При обыкновенных условиях я должен был бы смешаться и дать себя поймать, как говорится, на месте преступления. Но я был в таком настроении духа, что ни малейшим движением не выказал впечатления, которое произвели на меня слова отца, и ответил спокойно:
— Нет, я знаю, что это не так…
Мне было ужасно неприятно, что отец вмешивается в это дело. В этом деле заинтересован только один я, и я один буду судить его.
— Ты ручаешься за это? — спросил отец.
— Ручаюсь. Селим влюблён в какую-то пансионерку в Варшаве.
— Видишь ли, ты опекун Гани, — ты должен смотреть за нею.
Я знал, что добрый отец говорит это для того, чтобы возбудить моё самолюбие, занять меня чем-нибудь и извлечь мои мысли из того заколдованного круга, в котором они были замкнуты, но я отвечал ему равнодушно и сухо:
— Какой я опекун! Тебя не было, когда старик Николай оставил мне её, но настоящим опекуном меня никто не считал.
Отец нахмурился; он увидал, что таким путём он не добьётся от меня толку, и переменил тактику. Седые усы его шевельнулись, на губах появилась улыбка, он по-военному прищурил один глаз слегка, дёрнул меня за ухо и полушутливо, полуфамильярно спросил:
— А может быть Ганя и тебе вскружила голову? Ну, скажи, мальчик?
— Ганя? — ни капли. Вот это было бы забавно!
Я лгал бессовестно, но дело у меня шло на лад лучше, чем я мог бы ожидать.

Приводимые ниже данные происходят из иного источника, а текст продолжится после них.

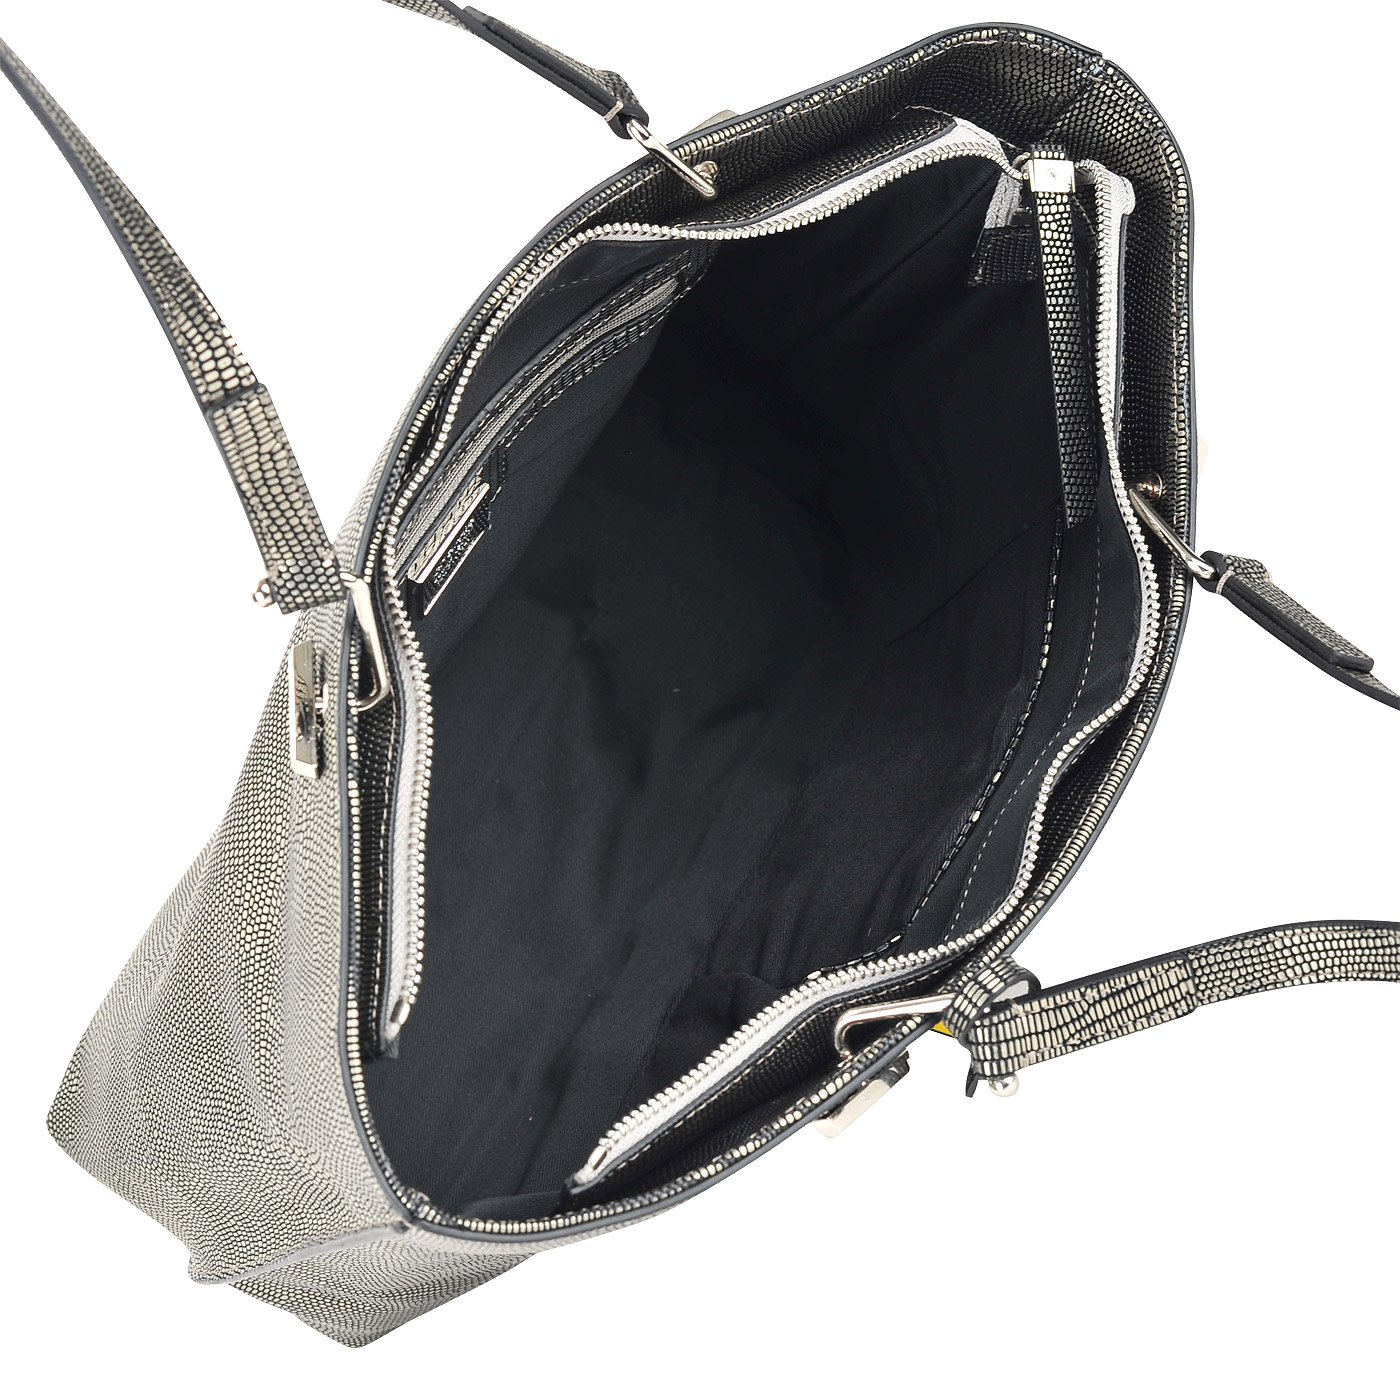 Вместительная кожаная сумка с выделкой под рептилию Cromia Nocturne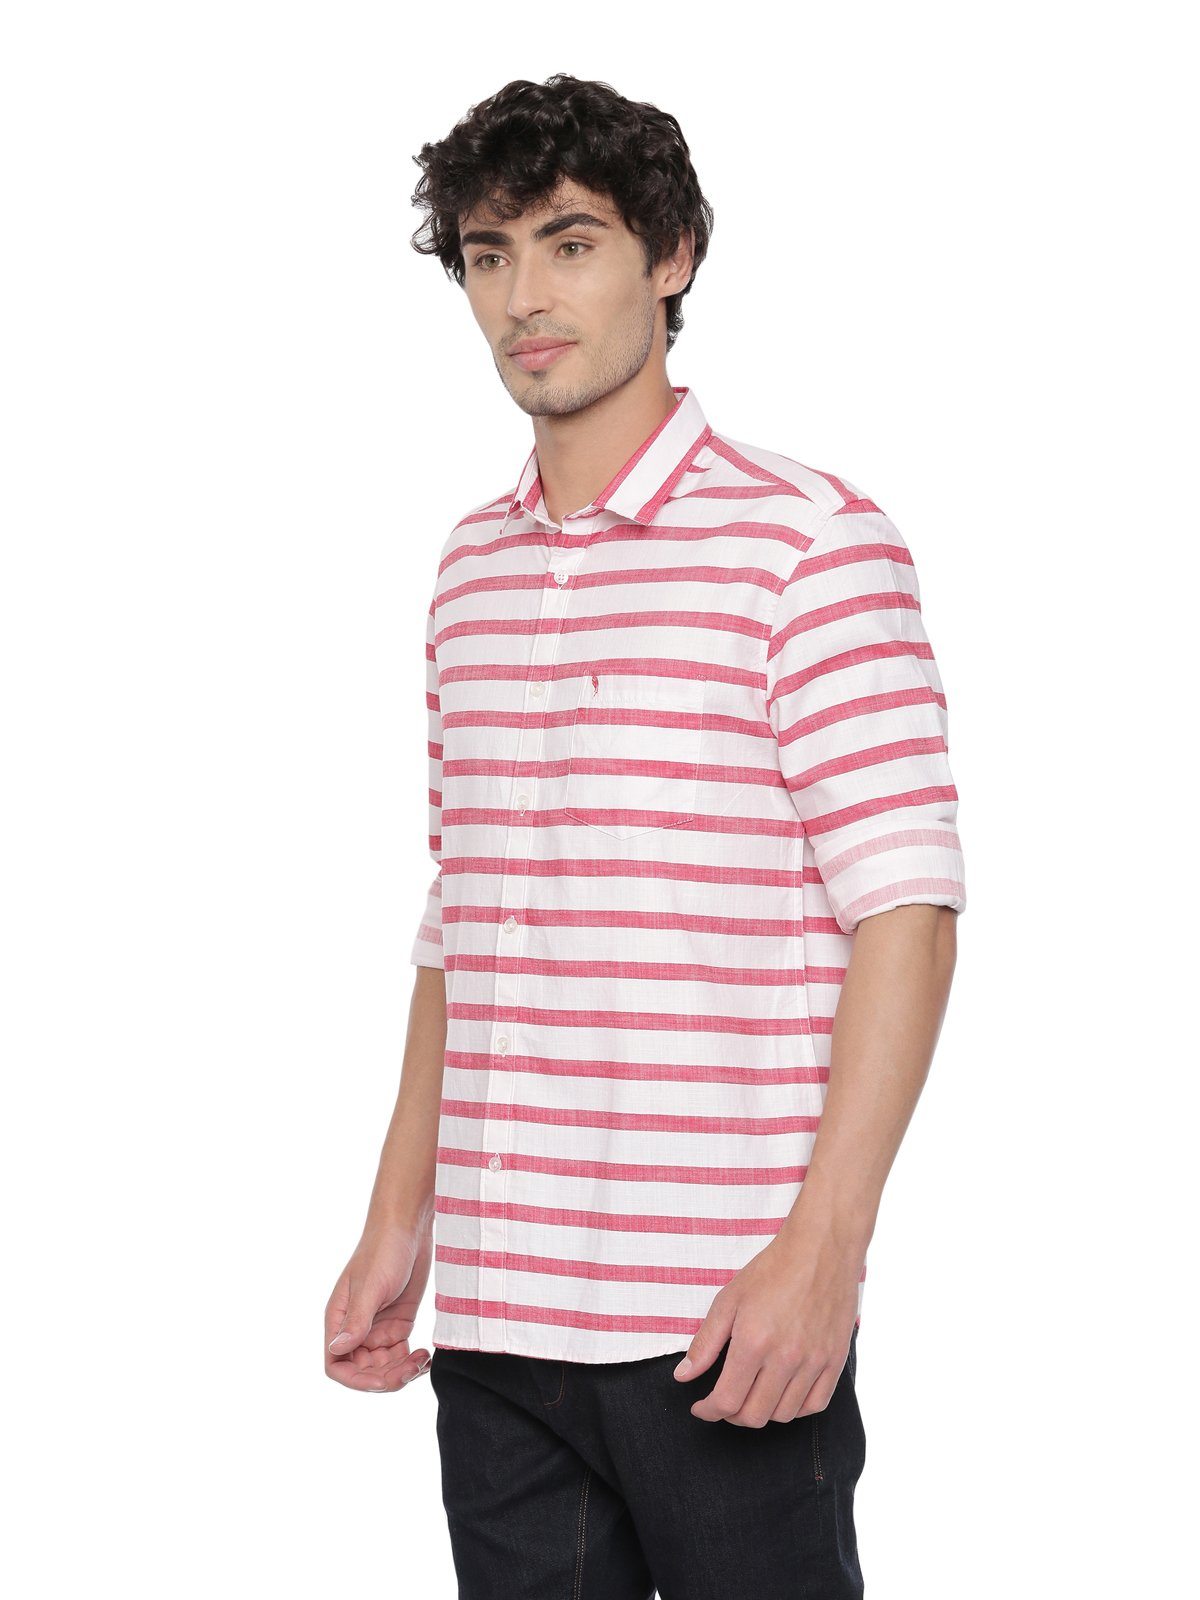 Swiss Club Mens Stripes Casual Wear Full Sleeve Slim Fit Woven Shirt SWISS CLUB Shirt Swiss Club

— Так может быть Лёля Устшицкая, а?
— Лёля Устшицкая — кокетка.
Отец рассердился.
— Так какого же тебе чёрта нужно! Не влюблён ни в кого, а ходишь словно рекрут после первой муштровки.
— Почём я знаю. Ничего мне не нужно.
Но подобные расспросы, на которые, ради заботливости обо мне, не скупились ни отец, ни ксёндз Людвик, ни даже madame д'Ив, мучили меня и выводили из терпения всё более и более. Наконец мои отношения к домашним стали невыносимыми, я раздражался и выходил из себя из-за всякого пустяка. Ксёндз Людвик видел в этом первые черты выбивающегося наружу деспотического характера и, поглядывая на отца, усмехаясь говорил: «Тоже из петушиной породы!» Но при всём этом и у него по временам не хватало терпения. Между мною и отцом несколько раз дело доходило до стычки. Однажды, за обедом, во время спора о шляхетстве и демократии, я взволновался до такой степени, что объявил, что предпочитал бы родиться не шляхтичем; отец приказал мне выйти из комнаты. Дамы расплакались и весь дом в течение целого дня был в очень кислом настроении. Что касается меня, то я в эту минуту не был ни аристократом, ни демократом, — я был только влюблён и глубоко несчастлив. Никаким теориям и социальным убеждениям во мне не было места, и если я поднимал своё оружие в защиту одних теорий против других, то делал это только в силу раздражения, на зло неизвестно кому и чему, точно так же, как на зло я вступал с ксёндзом Людвиком в религиозные диспуты, которые обыкновенно кончались громким хлопаньем дверей. Одним словом, я отравил жизнь не только себе, но и всему дому, и когда Селим возвратился наконец после десятидневного отсутствия, у всех как бы камень с плеч свалился. Когда он приехал к нам, меня дома не было: я блуждал верхом где-то по окрестностям. Вернулся я домой уже перед вечером, бросил поводья конюху, а тот сказал мне:
— Панич из Хожелей приехал.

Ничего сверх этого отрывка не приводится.